Теперь вот через эту самую Нинкину дурость мало того, что без второй премии жить приходится, так и первой уже два раза, сволочи, лишали. Начальник цеха так и сказал: вы теперь богатые, так что с полгодика и без премии проживёте, не похудеете. Представляешь?!

Дядя Вова, не иначе как представил, выругался, правда как–то невнятно, пробурчал что–то, но больше ничего не сказал. Да и что тут скажешь, если вокруг жизнь такая несправедливая?! А почему она несправедливая? Правильно! Несправедливая она, потому что бабы мозгами пользоваться не умеют!

***

Весь этот разговор слышала и очень внимательно слушала соседская кошка Вероника, у бабки Тарзанихи живёт. Кошка эта, Вероника, хоть и кошка, она до того стерва, что во дворе все не перестают удивляться. Она что придумала: как завидит кого на этой лавочке, и что удивительно, видит она исключительно мужиков, которые втихаря соображают, сразу щасть к лавочке и на землю падает, это она так голодный обморок изображает. Видать и у неё мозги, свои, кошачьи есть, и она пользоваться ими умеет.

Поначалу очень даже неплохо срабатывало. Ведь мужик наш, он ведь не только когда подвыпивший добрый, он вообще добрый. А почему, спрашивается? А я отвечу: потому что мозги имеет и пользуется ими. А когда пользуется, то всем живым тварям счастливой жизни желает, даже бабам, которые мозгами пользоваться не умеют, а может у них мозгов и вообще нету, вымерли за ненадобностью.

Так вот, мужики сидят, выпивают, о чём–то своём, очень важном разговаривают, а Вероника, ну кошка, рядом на земле лежит, как бы без сознания, так мало того, она, сучка, ещё и лапой дрыгает, мол, плохо ей, от голода помирает. Ну мужики, что мужики, добрые они все, чего повкуснее: колбаски там, сальца, рыбки ей и подбросят. А та, вот ведь сучка, хоть и не человек, а мозги свои, кошачьи, имеет, и пользуется ими, хвать то, что ей бросили, быстренько слопает и опять бац в обморок, и опять лыпой дрыгает.

Думаете что, мужики не раскусили её художества? Очень даже быстренько раскусили. Только кошка Вероника от этого разоблачения только выиграла. Если раньше, ну до разоблачения, иногда подолгу на земле валяться приходилось, то теперь минут пять поваляется, лапой подрыгает, а мужики налюбуются, натешатся, как же, цирк бесплатный, и бросают ей что повкуснее. Некоторые, представляете?!, даже специально для этой Вероники стали свежую рыбку приносить. Где брали, неизвестно. Может сами на рыбалку ходили, а может покупали у кого–нибудь.

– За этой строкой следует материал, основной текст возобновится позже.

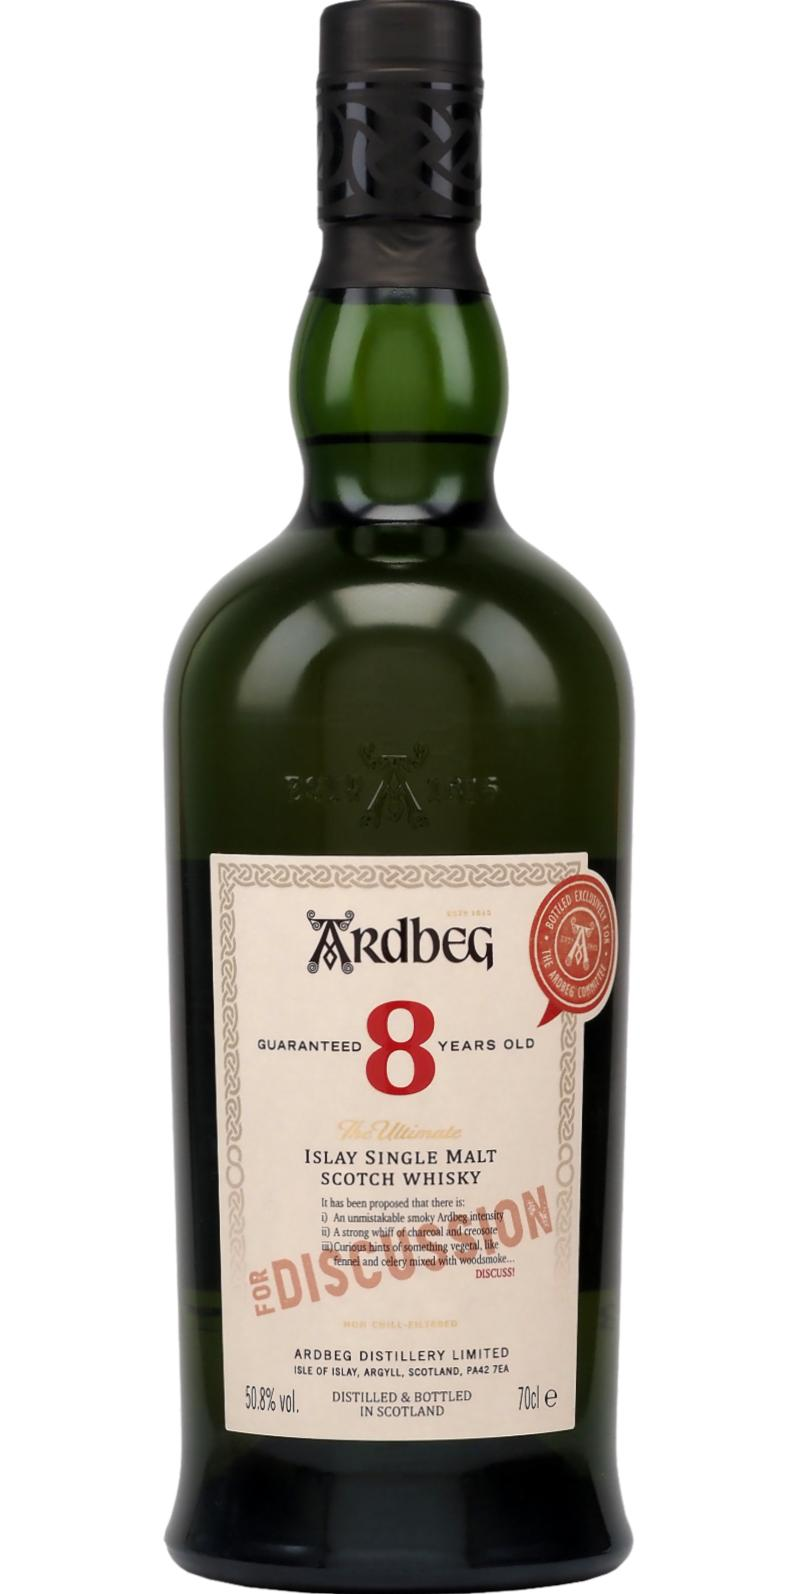 Ardbeg 08-year-old

Вот и сегодня кошка Вероника старательно изображала перед Толяном и дедом Вовой свой фирменный голодный обморок и лапой дрыгала. Но пока что ничегошеньки ей не перепало, а потому что не до неё, знаете уже какие дела у Толяна творятся! Но кошке Веронике вовсе не нужны были ни колбаска, ни рыбка плотва, в конце концов, не голодная. Сегодня, она как услышала рассказ Толяна о жизни его многотрудной, так сразу же обо всей жратве на свете позабыла.

Дело в том, что Вероника, кошка, тайком вздыхала по Толянову коту, Иннокентию, но увы, вздыхала безответно. Правда Вероника не отчаивалась, не на ту напали, а жила исключительно ожиданием ответных воздыханий со стороны кота Иннокентия. И теперь вот, как только она печальный Толянов рассказ о жизни его многотрудной и как она поняла безденежной прослушала, так чуть было в небо не подскочила. Это какая же удача на неё свалилась! Не иначе бог ихний, кошачий, всё–таки существует и мало того, что существует, услышал он Вероникины молитвы и просьбы, сжалился. Вот теперь бы ещё надо попросить, помолиться ему, чтобы Дерезу, тоже кошка, тоже у бабки живёт только у другой, дел куда–нибудь подальше.

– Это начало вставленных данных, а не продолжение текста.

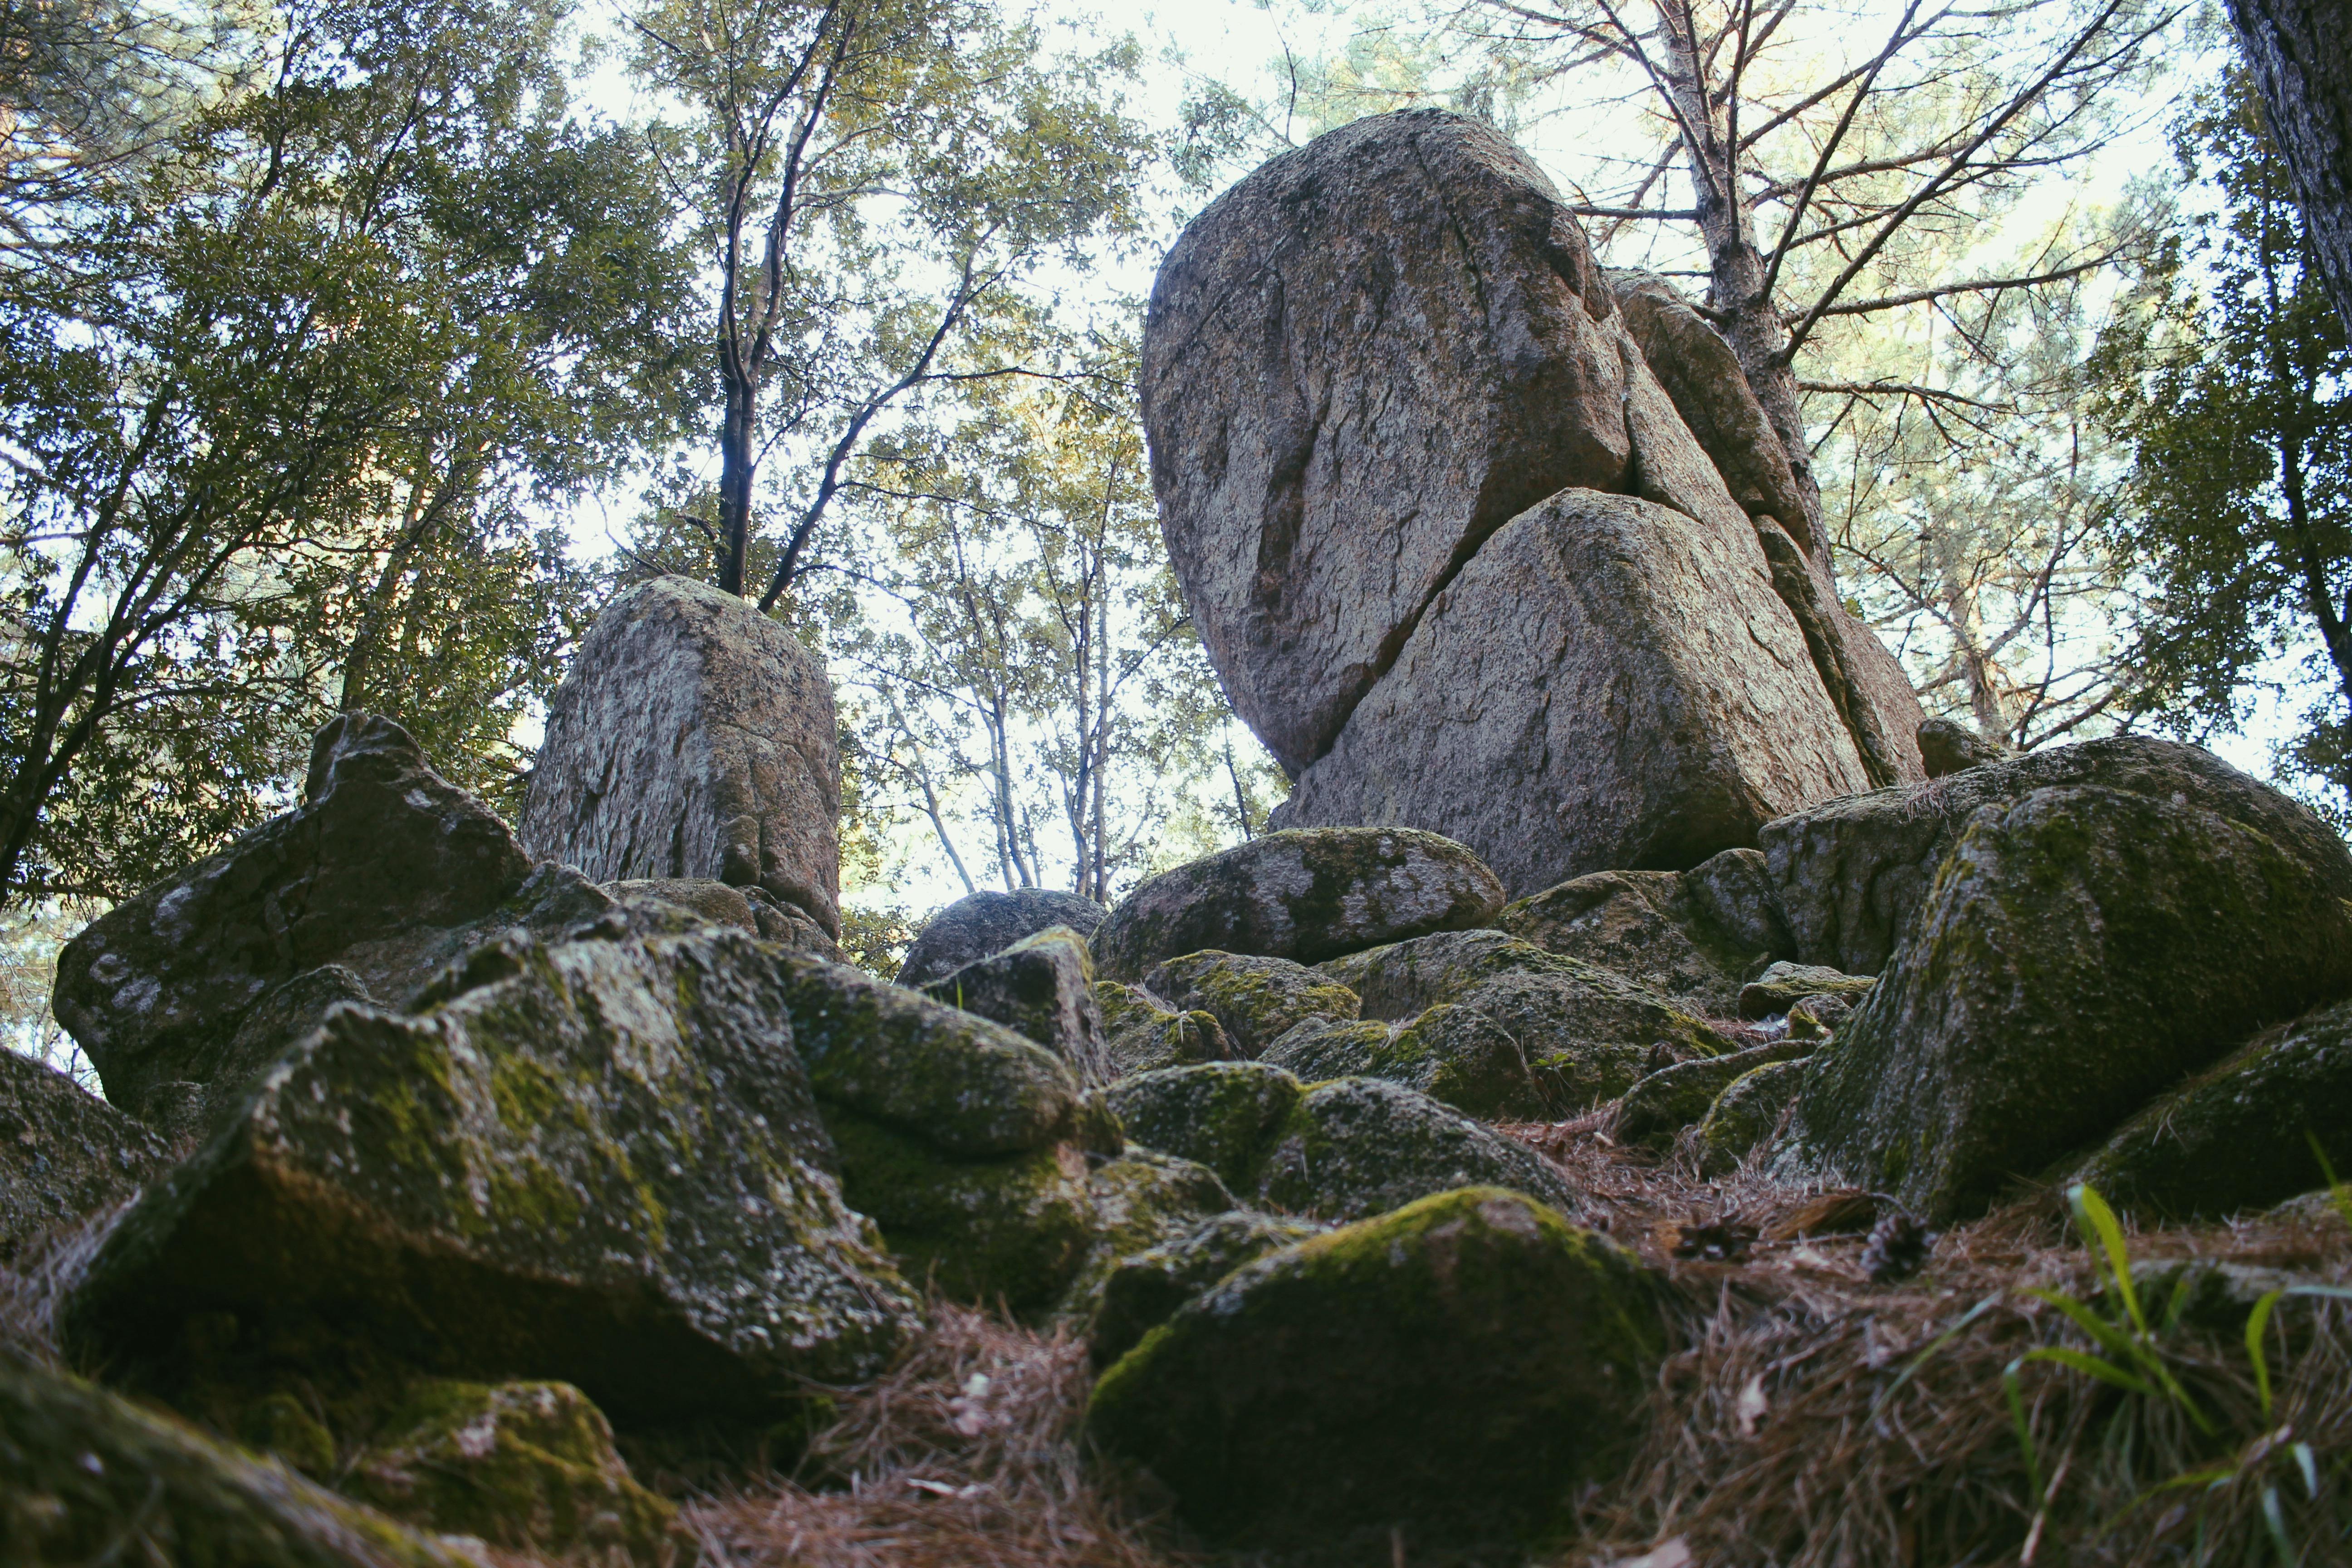 I Megaliti di Nardodipace (VV) o di quanto è immensa l'umanità

Дело в том, что Дереза эта, она ещё похлеще стерва, чем Вероника. Нет, она в голодные обмороки перед мужиками не падала, видать мозгов не хватает или пользоваться ими не умеет, она похлеще и похуже придумала, стерва. А придумала она то, что Иннокентий, кот Толянов, глаз на неё положил и так крепко положил, что других кошек вообще перестал замечать. Ой, вот только не надо, мол, это он всё сам и что Дереза здесь совсем не причём. Как же, не причём она, знаем!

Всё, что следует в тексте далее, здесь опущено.